Vectors are atomic data structures in R.
a <- c(1, 4, 32)
b <- c("somebody", "once", "told me")
class(a)
#> [1] "numeric"
class(b)
#> [1] "character"
More...
If you try to mix data types in an atomic vector, they will be coerced to be the same type. (Note that 32 becomes "32" so it can be in the same vector as a character object).
c(32, TRUE, "eighteen")
#> [1] "32" "TRUE" "eighteen"
Another feature of vectors that makes them atomic is that they are always flat. If you embed vectors within vectors, they will be flattened.
Lists, on the other hand, can be nested.
list(7, c(1, 4, 32), 2, 6) %>% str()
#> List of 4
#> $ : num 7
#> $ : num [1:3] 1 4 32
#> $ : num 2
#> $ : num 6
If you try to extract objects inside an atomic vector, you need to use brackets []
. This can be with an index or a name. Single brackets can return one or more elements, and include names, while double brackets can only return one element and don't have names.
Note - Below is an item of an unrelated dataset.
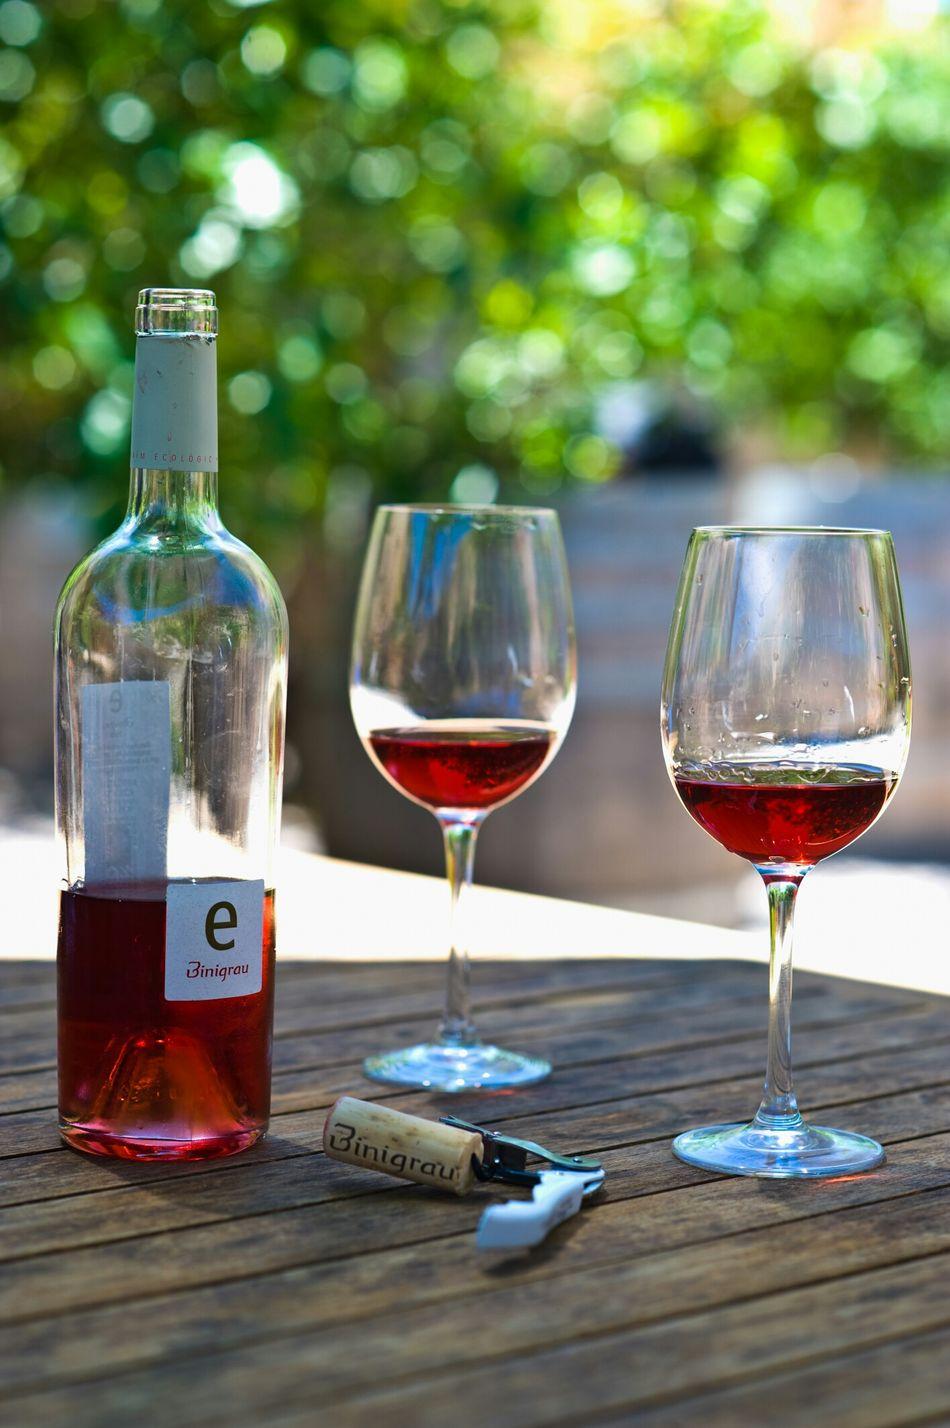 Wine Tasting Wine Binigrau Mallorca Spanish Food SPAIN Wine Moments

my_vec <- c(x = 3, y = 1, z = 4)
my_vec[2]
#> y
#> 1
my_vec["y"]
#> y
#> 1
my_vec[["y"]]
#> [1] 1
You cannot use the $ operator on an atomic vector, or you will get this very common error.
my_vec$y
#> Error in my_vec$y: $ operator is invalid for atomic vectors
See the Vectors chapter of Advanced R for more advanced discussion of atomic vectors.
2.16 attribute
Extra information about an R object
You can access an object's attributes with attr()
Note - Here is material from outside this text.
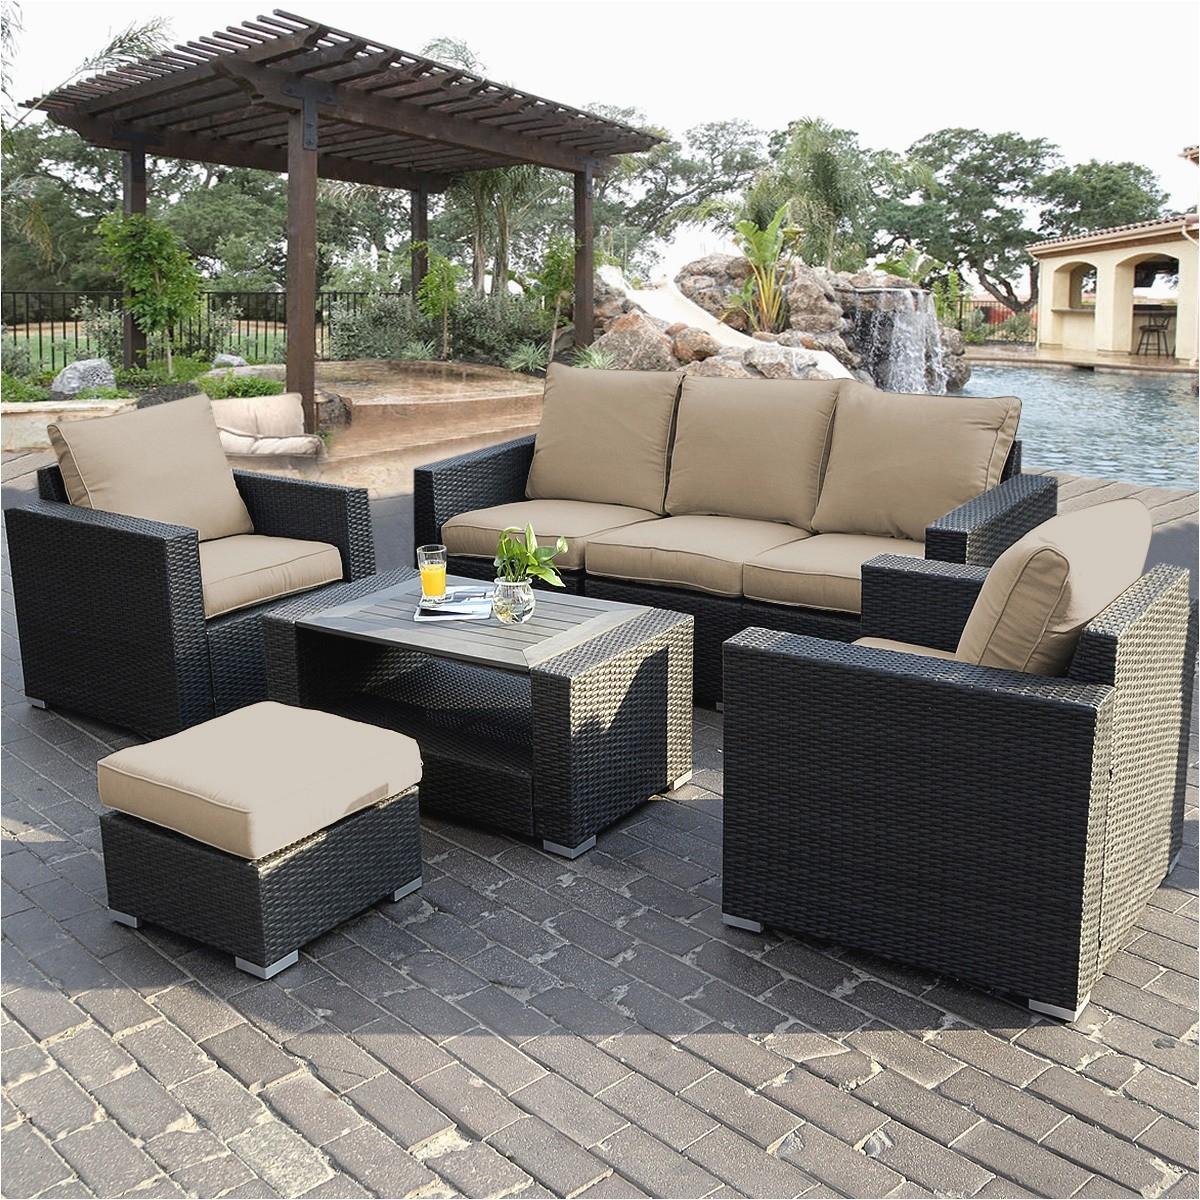 Mayfair Com Furniture Mayfair Patio Furniture Luxury Unique Outdoor Furniture Set

. For example, datasets simulated with faux have an attribute called "design" that details their design.
data <- faux::sim_design(
between = list(pet = c(cat = "Cat Owners",
dog = "Dog Owners")),
within = list(time = c(am = "Morning",
pm = "Night")),
mu = 1:4,
r = list(cat = 0.3, dog = 0.6),
dv = c(score = "Happiness Scale Score"),
plot = FALSE)
design <- attr(data, "design")
design$dv
#> $score
#> [1] "Happiness Scale Score"
2.17 attribute (html)
Extra information about an HTML element
For example, the paragraph element has an attribute of "id" with a value of "feature". This can be used to refer to the element to change its style with CSS or affect its behaviour with JavaScript.